--- MATERIALS PROVIDED ---
= = = = =
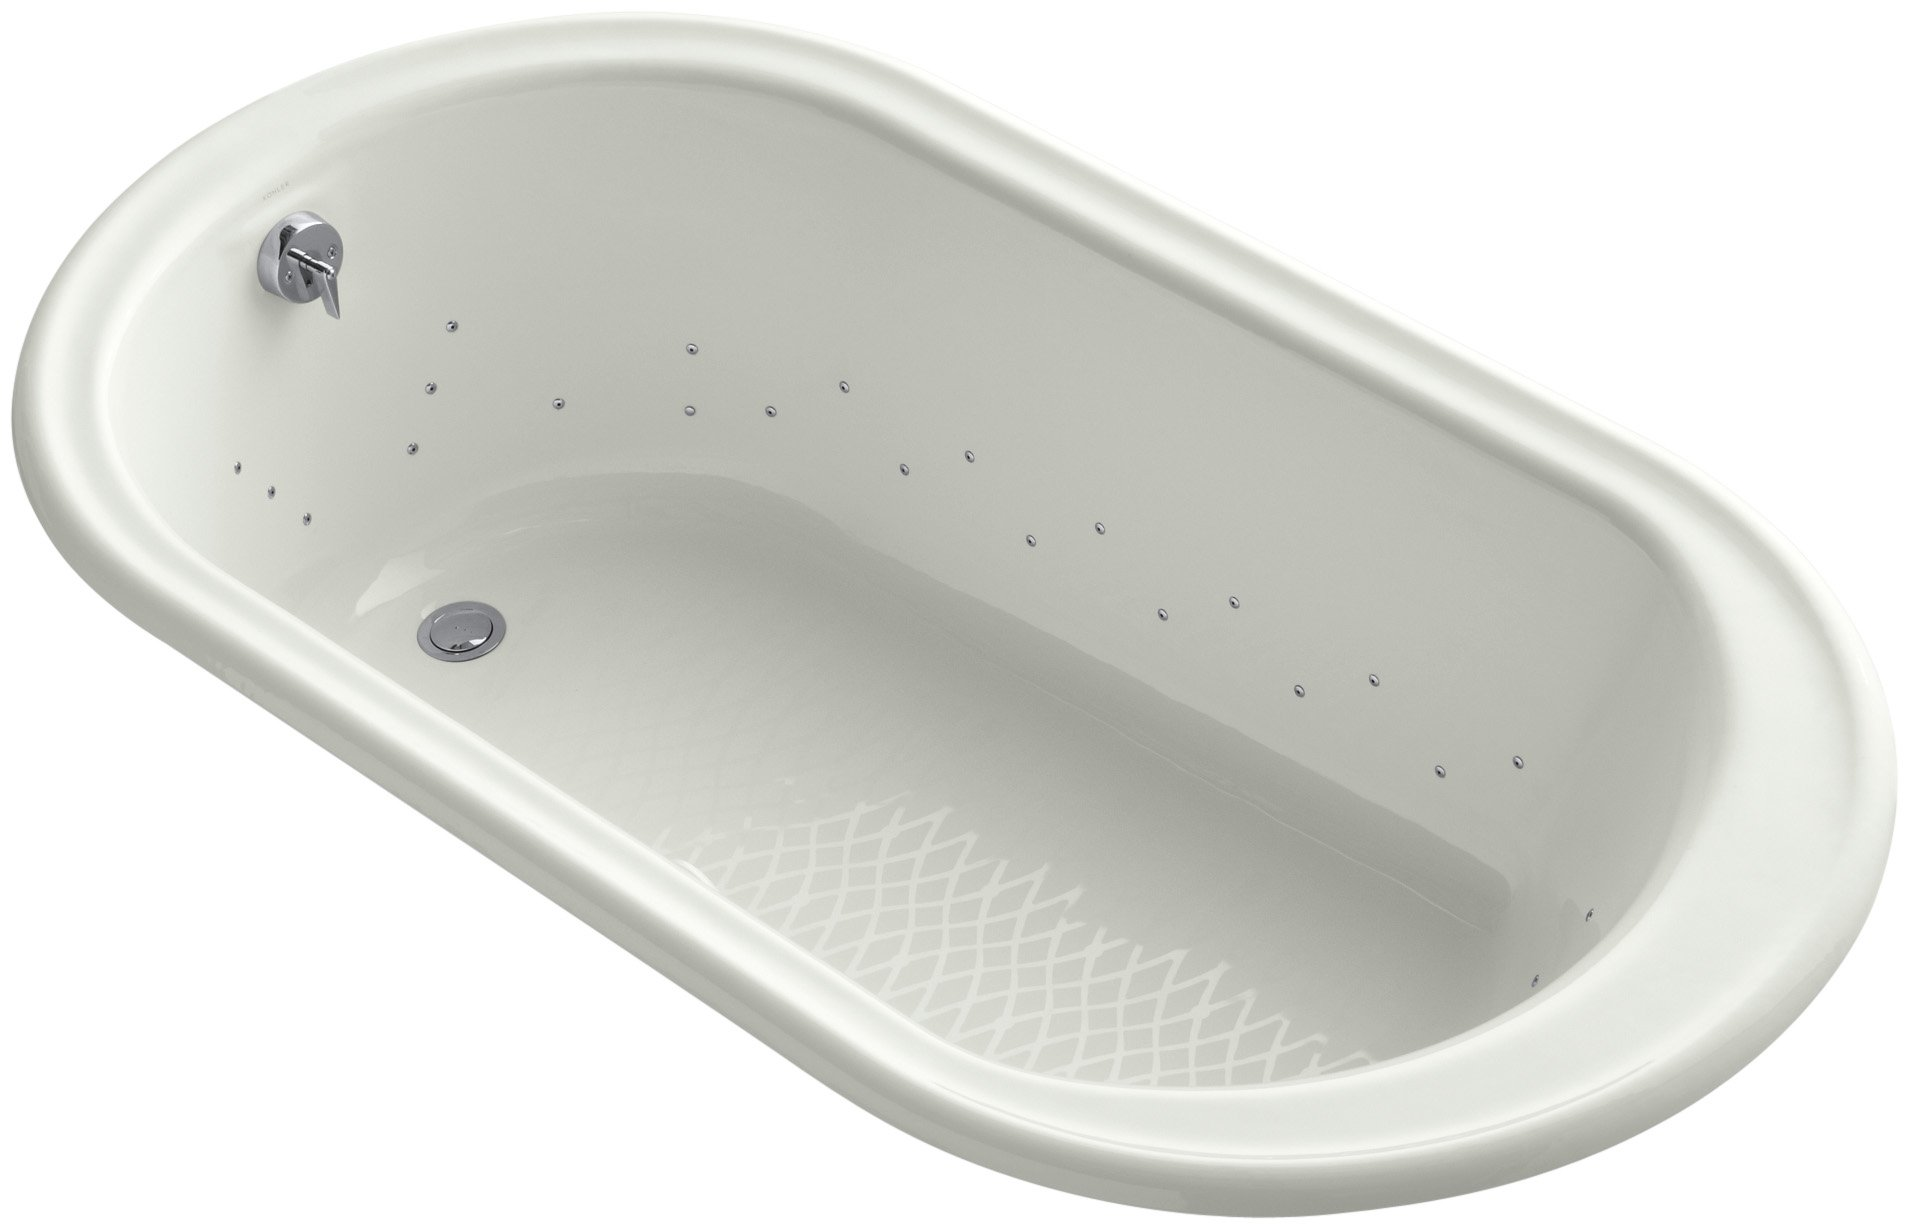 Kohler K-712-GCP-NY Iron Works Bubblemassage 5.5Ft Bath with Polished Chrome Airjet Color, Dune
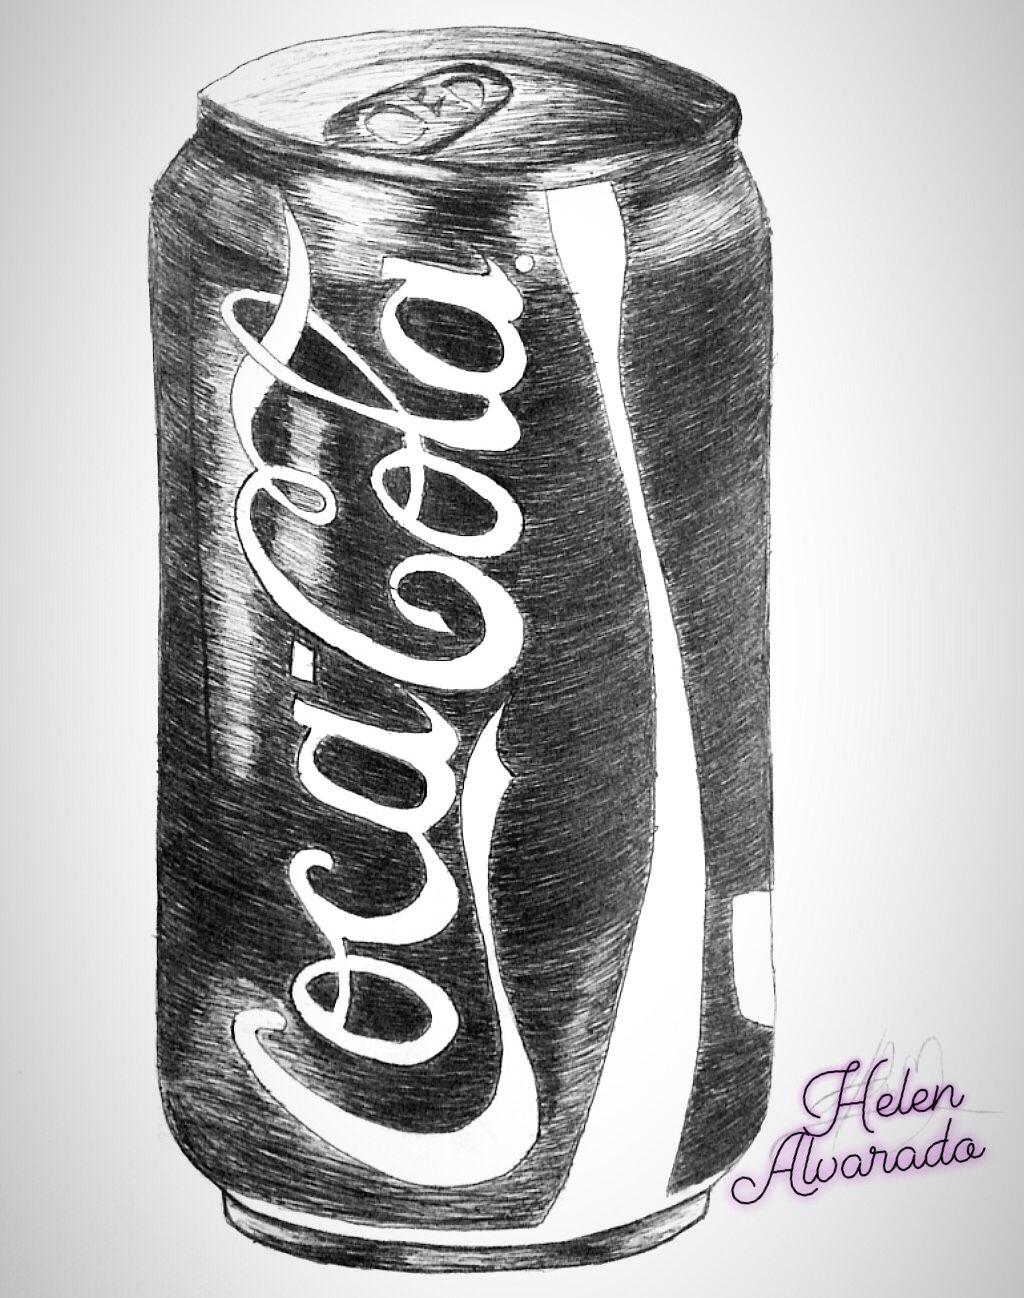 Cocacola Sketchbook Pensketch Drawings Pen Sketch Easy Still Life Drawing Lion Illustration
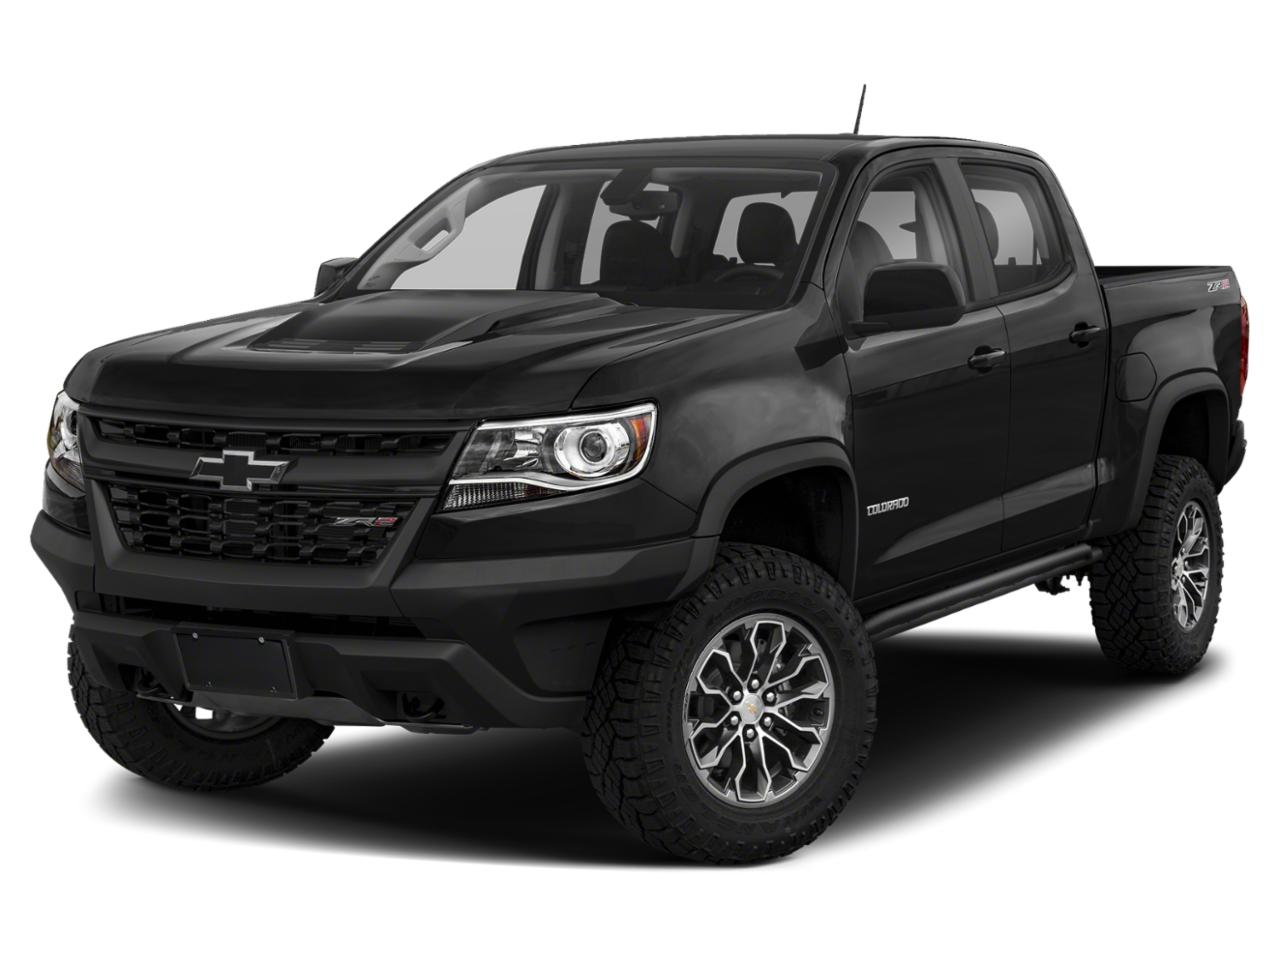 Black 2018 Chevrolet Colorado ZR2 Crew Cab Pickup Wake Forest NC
= = = = =
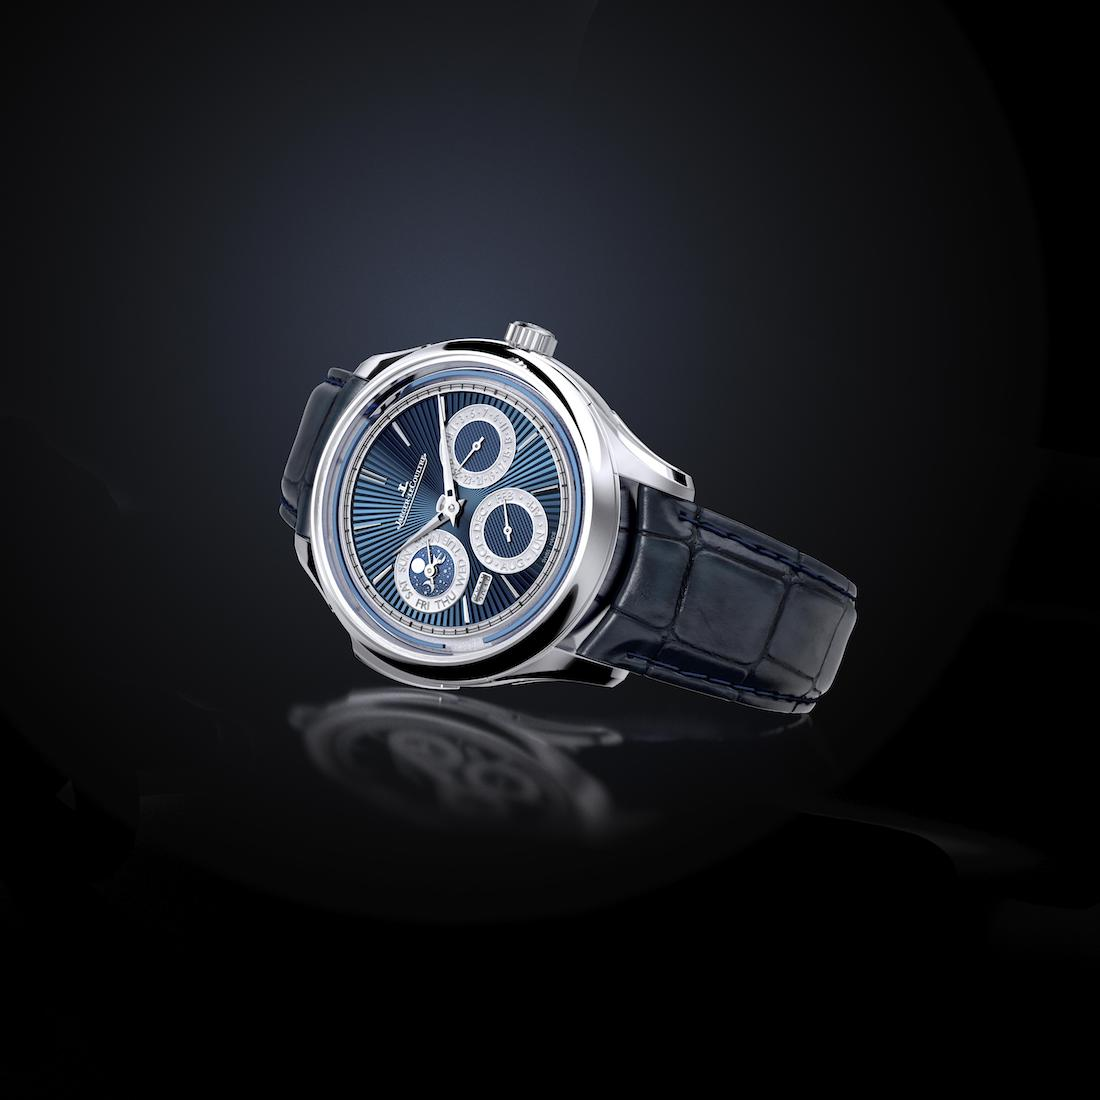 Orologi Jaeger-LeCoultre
= = = = =
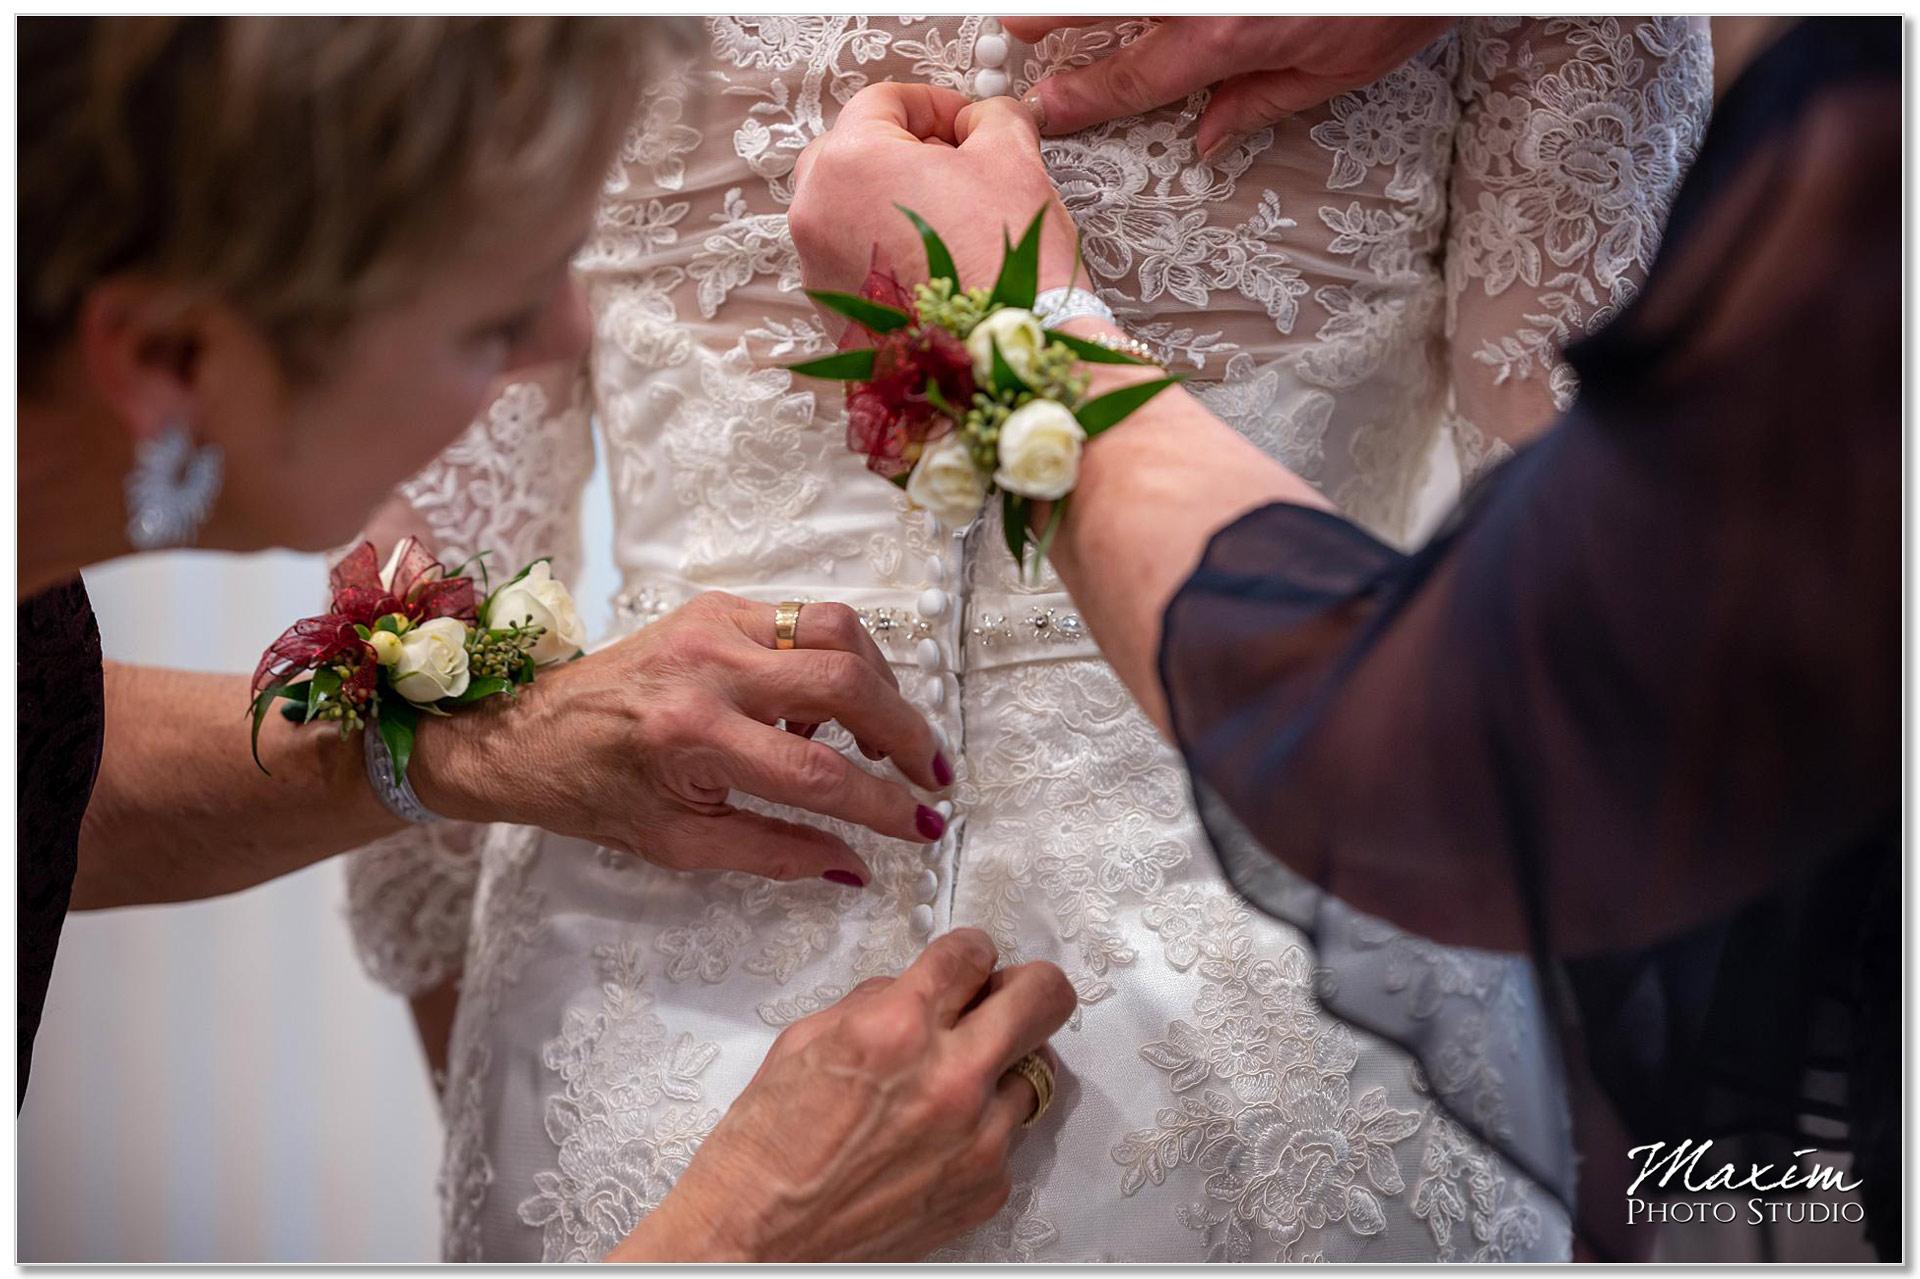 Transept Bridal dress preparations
= = = = =
--- WHAT TO DO ---
Whatever pictures the records hold, omit them; give again exactly the lines from the one containing "Kohler K-712-GCP-NY Iron" through the one containing "Black 2018 Chevrolet".

--- RESPONSE ---
 Kohler K-712-GCP-NY Iron Works Bubblemassage 5.5Ft Bath with Polished Chrome Airjet Color, Dune
 Cocacola Sketchbook Pensketch Drawings Pen Sketch Easy Still Life Drawing Lion Illustration
 Black 2018 Chevrolet Colorado ZR2 Crew Cab Pickup Wake Forest NC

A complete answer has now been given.